AmeriCorps, a national service organization that offers education awards in exchange for community work, provides an award of up to $5,730 for each full year of service. Maximum years of service vary among AmeriCorps programs. Members also receive a living stipend while serving in the program.

3. Work for the school
Schools charge students tuition, but their employees often can get a free education. “This is a great option, especially for older students with job experience,” says Reyna Gobel, author of “CliffsNotes Graduation Debt.” “If you’re 18, you might not qualify for a job that provides (tuition) benefits.”

Schools typically provide benefits for full-time workers and sometimes require a certain level of experience, Gobel says. Future students can find out about their school’s policy by calling the admissions office.

4. Waive your costs
Some students can get a free pass based on academic performance or other factors.

The North American Council on Adoptable Children in St. Paul, Minnesota, reports that Connecticut, Kentucky, Virginia, Maine, Massachusetts, Texas, Florida and Maryland offer waivers at certain public schools for adopted and foster care children.

Other schools offer waivers for Native American students, senior citizens and dislocated workers. To find out what your school offers, call the financial aid office.

5. Become an apprentice
An apprenticeship is another solid option when you’re determining how to get free tuition. They can also open you up to job opportunities post-college.

Overall, your average apprenticeship program will take 1-6 years. You will probably be required to put in that time along with at least 2,000 hours of field work annually. The good news is that there are apprenticeships in more than 1,000 occupations, which can give you more options.

In exchange, the sponsoring employer pays for college or technical training and provides a salary. A list of available programs is available at the ApprenticeshipUSA website.

6. Have your employer pick up the costs
Another way you might receive a free college education is through your employer. Often given in the form of an employee reimbursement, there are plenty of employers that can help curb the cost of higher education.

7. Be in demand
Another great way to find out how to go to college for free is to determine if your field of study is “high-needs.” Will your studies result in a career that’s high in demand? Ask yourself this before you even enroll if you’re trying to cut the cost of college.

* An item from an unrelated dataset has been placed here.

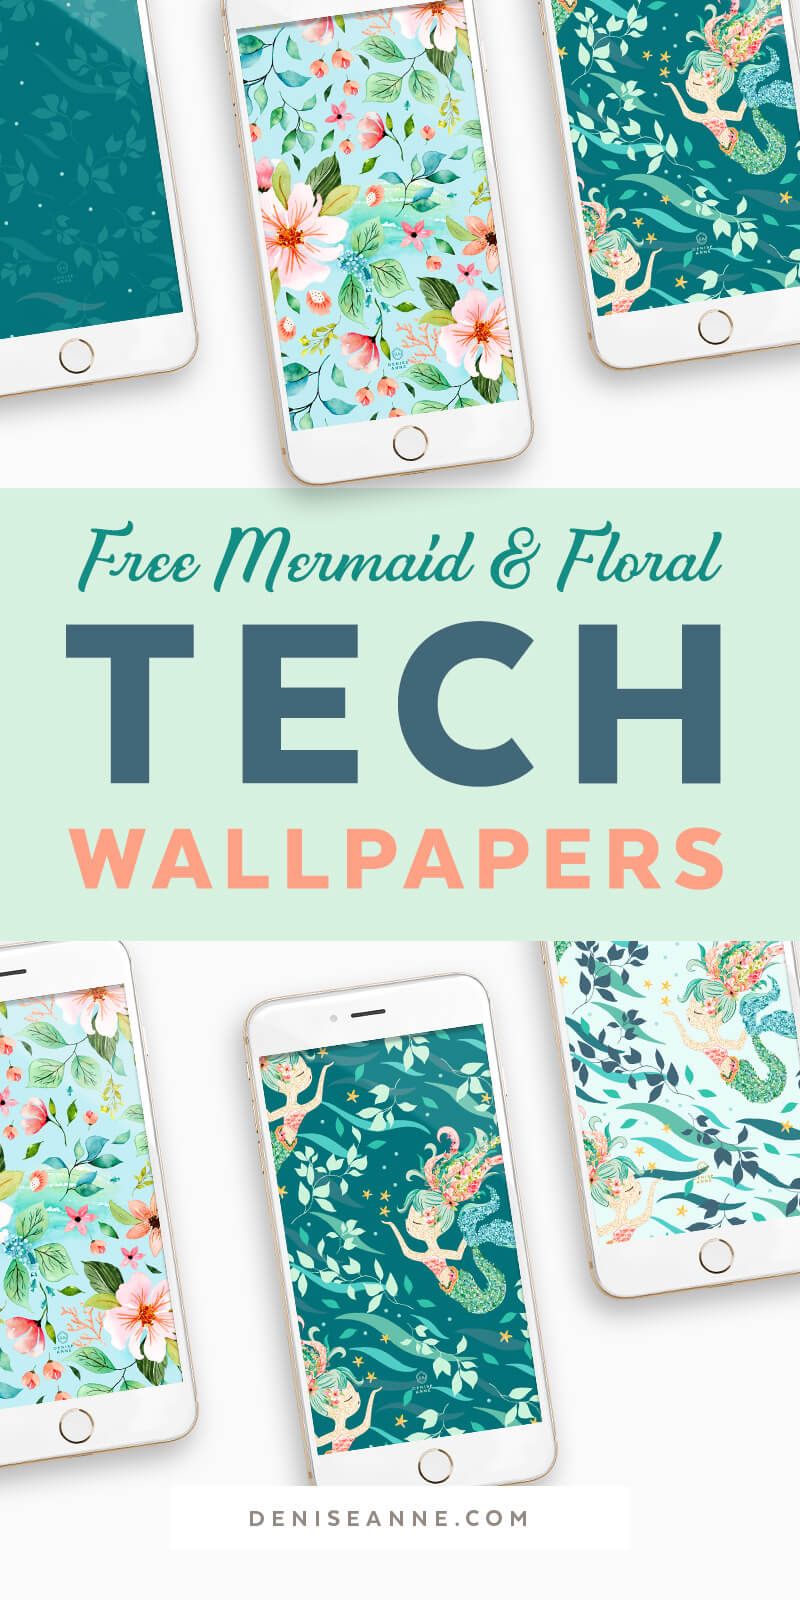 Free Mermaid Tropical Floral Watercolor Phone Wallpaper Mobile Phone 2877199 Hd Wallpaper Backgrounds Download

Generally, schools will offer incentives to anyone focusing their studies on math, science, nursing, teaching, and social work. There are also additional opportunities available through organizations like Teach for America, the Nurse Corps Loan Repayment Program and the National Institutes of Health.

The nursing program at the University of Portland in Oregon has offered scholarships covering approximately 80% of the final 2 years of undergraduate study, if students sign a 3-year employment contract with the local health system, Fabriquer says. “There are similar programs in (high-needs) fields across the country,” he adds.

8. Choose a school that pays you
Last on our list of ways on how to get free tuition, and probably the riskiest. There are, indeed, schools that will pay you to focus your studies in a single subject (which they dictate). Schools such as the Webb Institute and the Curtis Institute of Music offer a select range of academic programs and pick up the tuition cost for every student. Just think long and hard about your decision before you commit to this course.